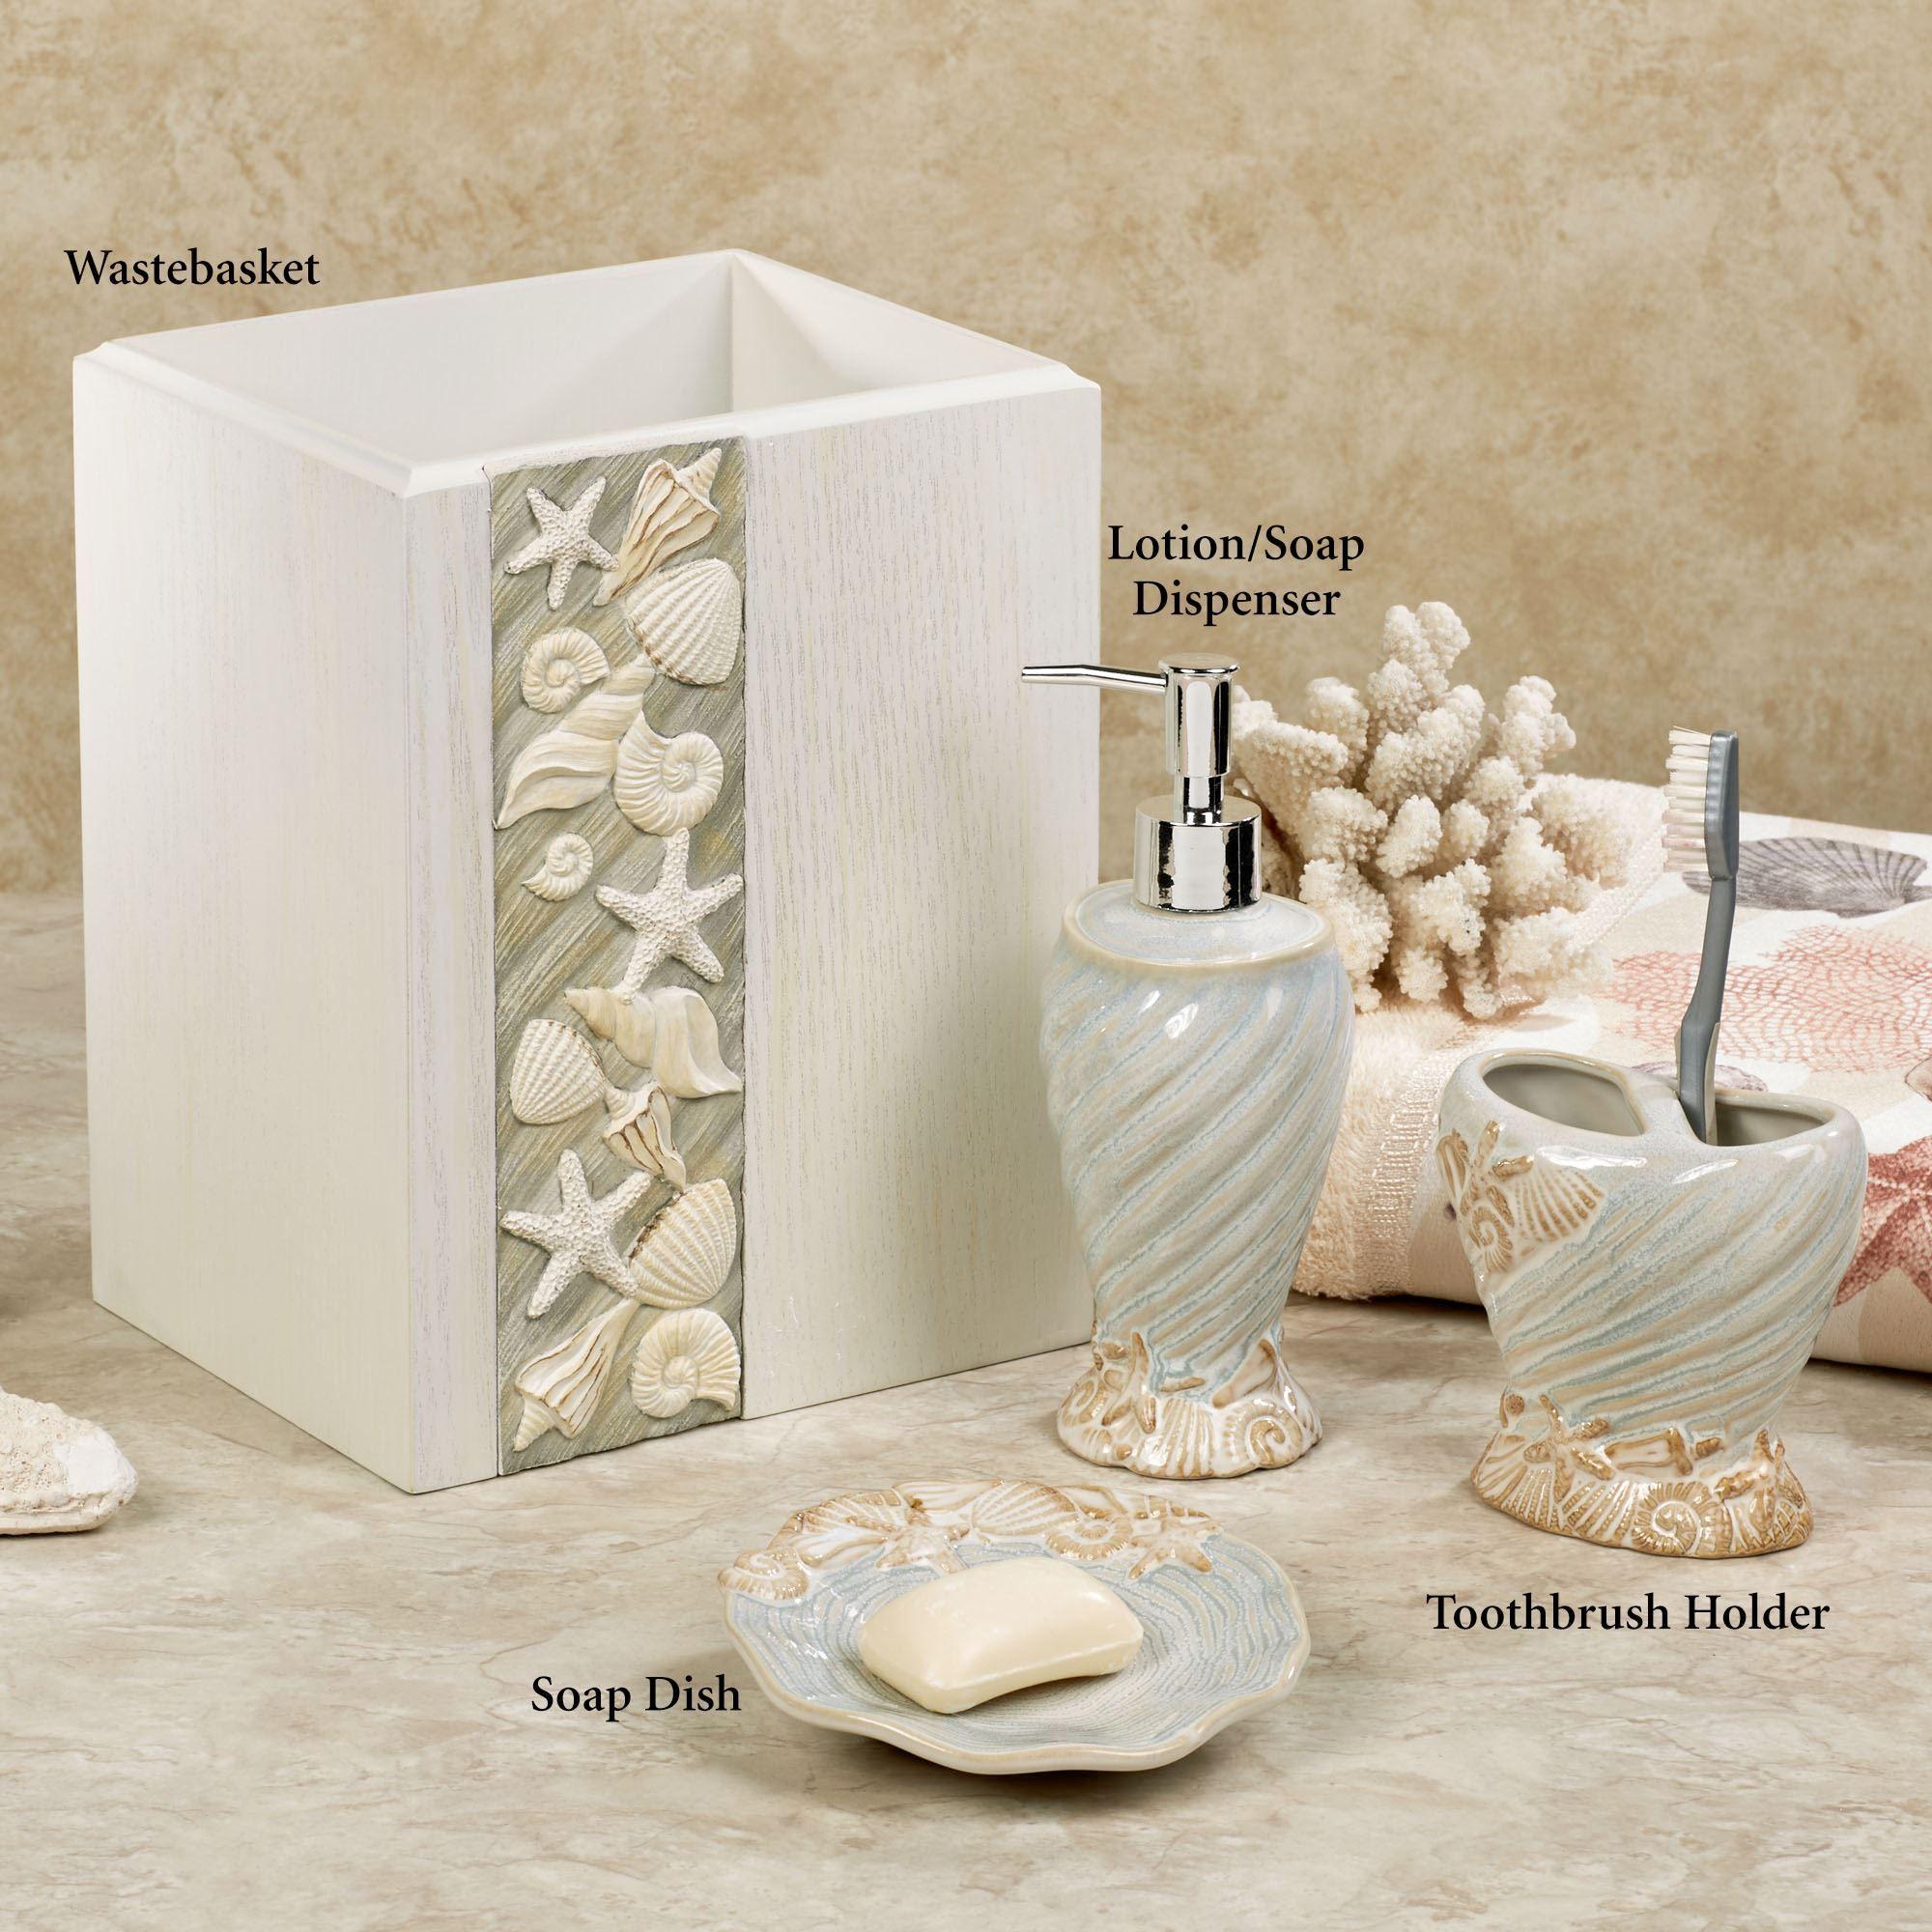 Bathroom Accessories Sets Croscill. Croscill Bathroom Sets Best Of ...
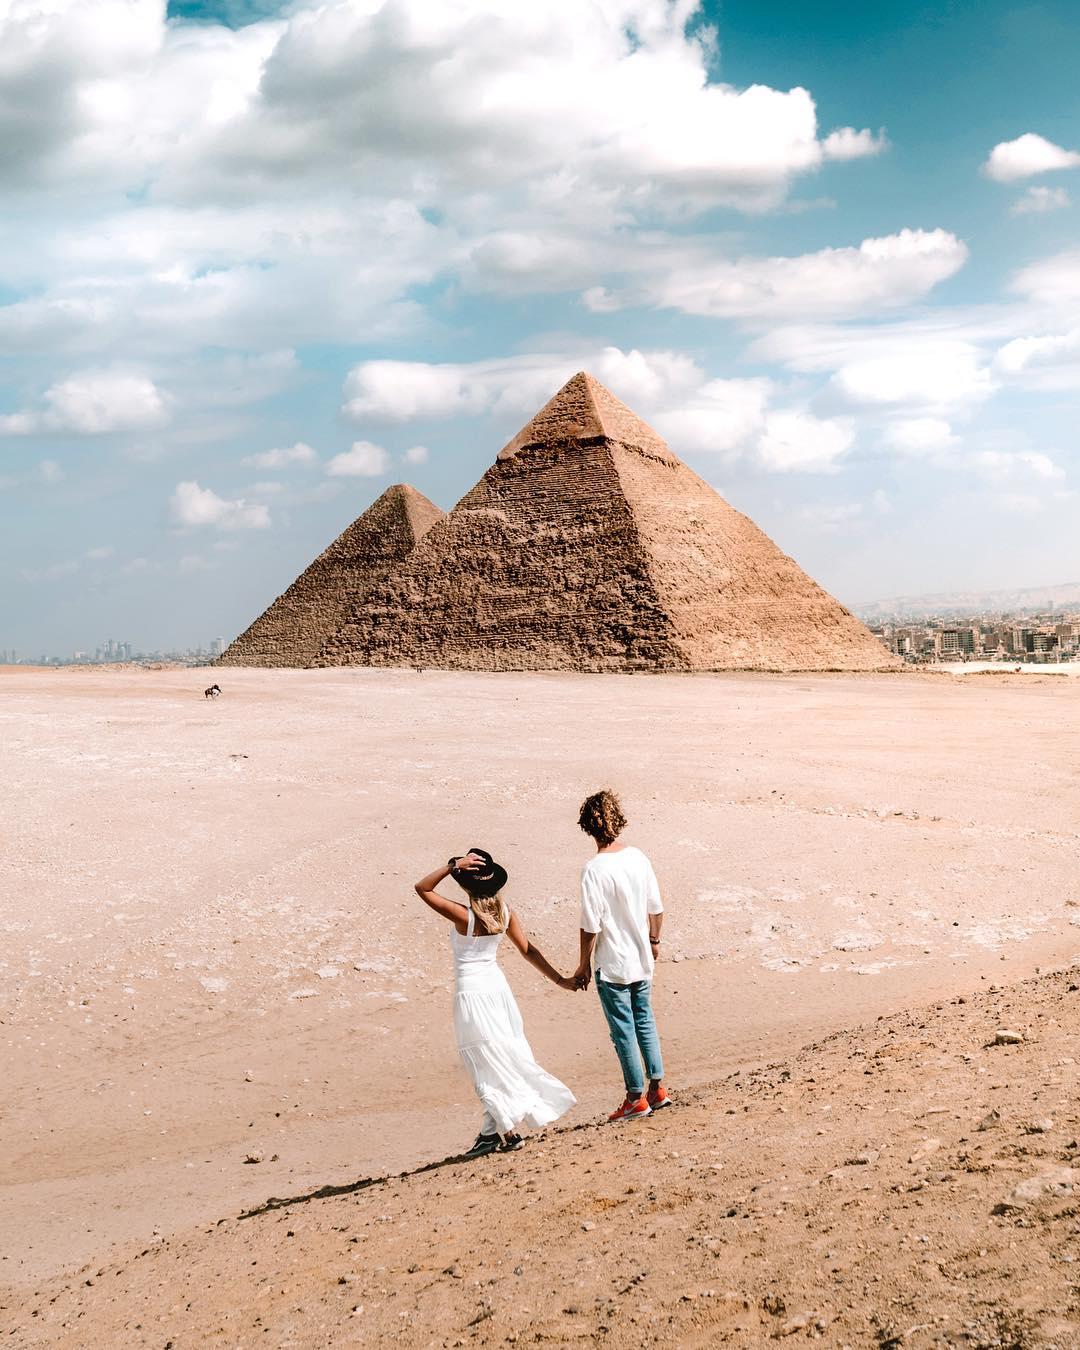 Egypt Pyramids Salt in our Hair
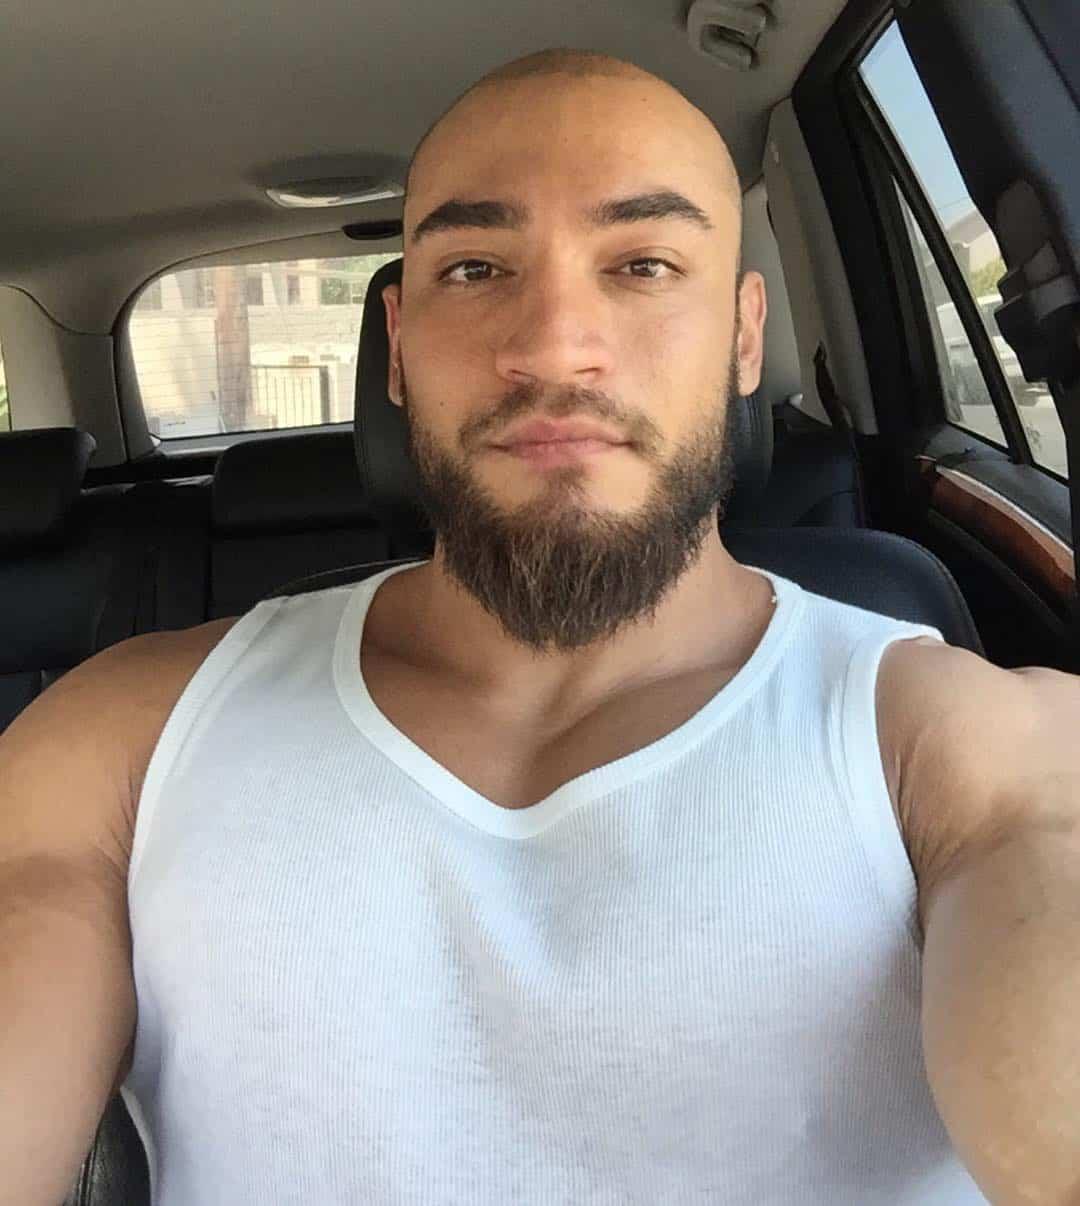 Awe Inspiring 20 Reasons To Be Bald With Beard Machos Style Short Hairstyles For Black Women Fulllsitofus

Exercise prompt :: In copying the listing, reproduce each line exactly and omit the pictures.

Finished exercise ::
 Bathroom Accessories Sets Croscill. Croscill Bathroom Sets Best Of ...
 Egypt Pyramids Salt in our Hair
 Awe Inspiring 20 Reasons To Be Bald With Beard Machos Style Short Hairstyles For Black Women Fulllsitofus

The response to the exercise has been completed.